As we explained earlier in the first section, the memory remains 80 GB. However, the change from HBM2 to HBM3 brings with it a significant increase in memory bandwidth. The 128GB Instinct MI250X is currently unbeatable in terms of capacity and bandwidth.

Comparing computing power is a bit tricky. NVIDIA specifies values ​​for the shader output of the A100 accelerator as well as ideal use of tensor cores. We have included these extreme values ​​in the table. As for the new H100 accelerator, we don’t yet know the exact architecture of the GPU and we’ve taken the values ​​that NVIDIA gave us.

Engine Huber Architectural Transformer

External communication is done on the one hand via PCIe 5.0, but in order to be able to exchange data models between several GPUs quickly enough, NVIDIA provides the fourth generation of NVLink. NVIDIA is talking here about the fact that an NVLink connection should achieve seven times the bandwidth of PCIe 5.0. According to NVIDIA, it’s 900GB/s per GH100 GPU. According to NVIDIA, the total external connection of the GH100 GPU is approximately 5 TB/s. The new NVLink also plays an important role with respect to the Grace processor. But more on that in a separate post.

See also  Cultivation in space: plants grow for the first time in 'Munderde'

Transformer drive and fourth generation of core tensioner

For the hopper structure, the focus is again on maximum flexibility. The H100 GPU accelerator should be able to perform high-precision scientific calculations with dual precision (FP64) and those for AI applications (INT8, FP8, and FP16) – with the best possible use of available resources.

On the other hand, NVIDIA offers 4th generation Tensor cores with the Hopper architecture and combines them with a program or implementation layer called Transformer Engine.
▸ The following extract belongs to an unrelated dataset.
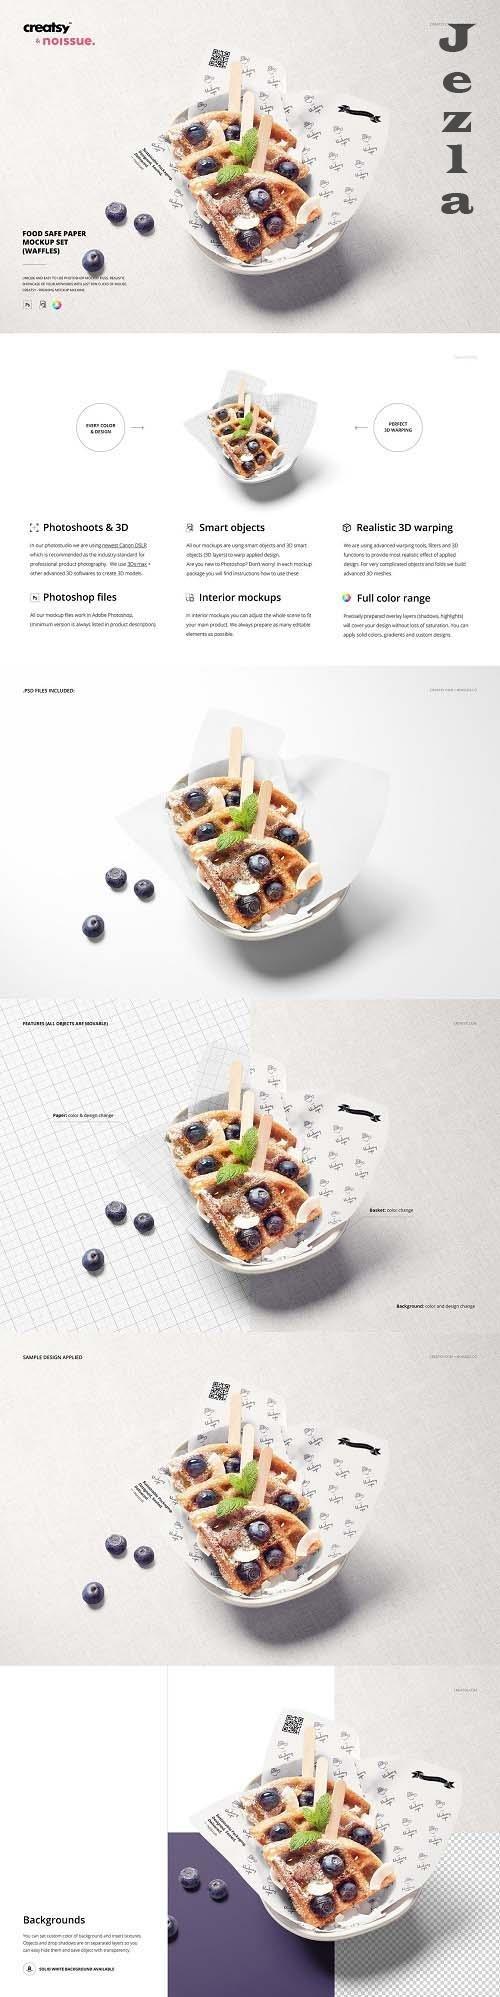 Food Safe Paper Mockup (waffles) - 6401322

Engine Huber Architectural Transformer

The hopper structure tensor cores can run mixed FP8 or FP16. For FP8, the transfer rate is 2 times higher than for FP16. NVIDIA-trained inferences determine whether computations are performed in FP8 or FP16. TensorFloat32 (TF32) remains the standard format in TensorFlow and PyTorch, but these calculations are broken down into FP8 and FP16 by the Transformer Engine in order to use devices in the form of Tensor Cores as optimally as possible.

What has been described so far relates to training AI models. INT8 computations are still important for inference. It can also be optimized for hopper architecture and then computed, so that H100 accelerators are also significantly faster compared to their predecessors.

NVLink Switching System

Not only is NVLink used to connect eight GH100 GPUs in the DGX-H100 system, but it can now be expanded to full racks with the NVLink switching system. Up to 256 H100 GPUs can be integrated via NVLink.

NVIDIA Hopper . Press Briefing
NVIDIA Hopper . Press Briefing

The total bandwidth of the NVLink switching system is 70.4 TB/s. Managing such a network also requires its own computing power, which according to NVIDIA should be 192 TFLOPS. For comparison: The new Spectrum-4 Ethernet switch achieves 50.2 Tb/s (6,275 Tb/s).

See also  Sonic Colors Ultimate: Compare the graphics to the original

In addition to being integrated into the GH100 GPU, the Grace Hopper, and the Grace CPU Superchip, NVLink is also opening up as a standard that other chip makers can adopt to interact with NVIDIA devices they connect directly to.

NVIDIA Hopper . Press Briefing

NVIDIA expects the H100 GPU accelerator to be nine times faster than its predecessor. This is definitely also related to the application in question. The main thing is to reduce the times of individual training sessions.

The H100 GPU will be available on both an SMX card and a PCI Express card. Additionally, NVIDIA is packing the H100 GPU with ConnectX-7 on the PCB. In edge computing, the advantages of fast communication and processing must be exploited.

Starting in the third quarter, NVIDIA plans to introduce its first H100 GPUs. It is said that production has already started. NVIDIA will build its own supercomputer based on the H100 GPU accelerator. This will consist of 576 DGX H100 systems, each with eight H100 systems.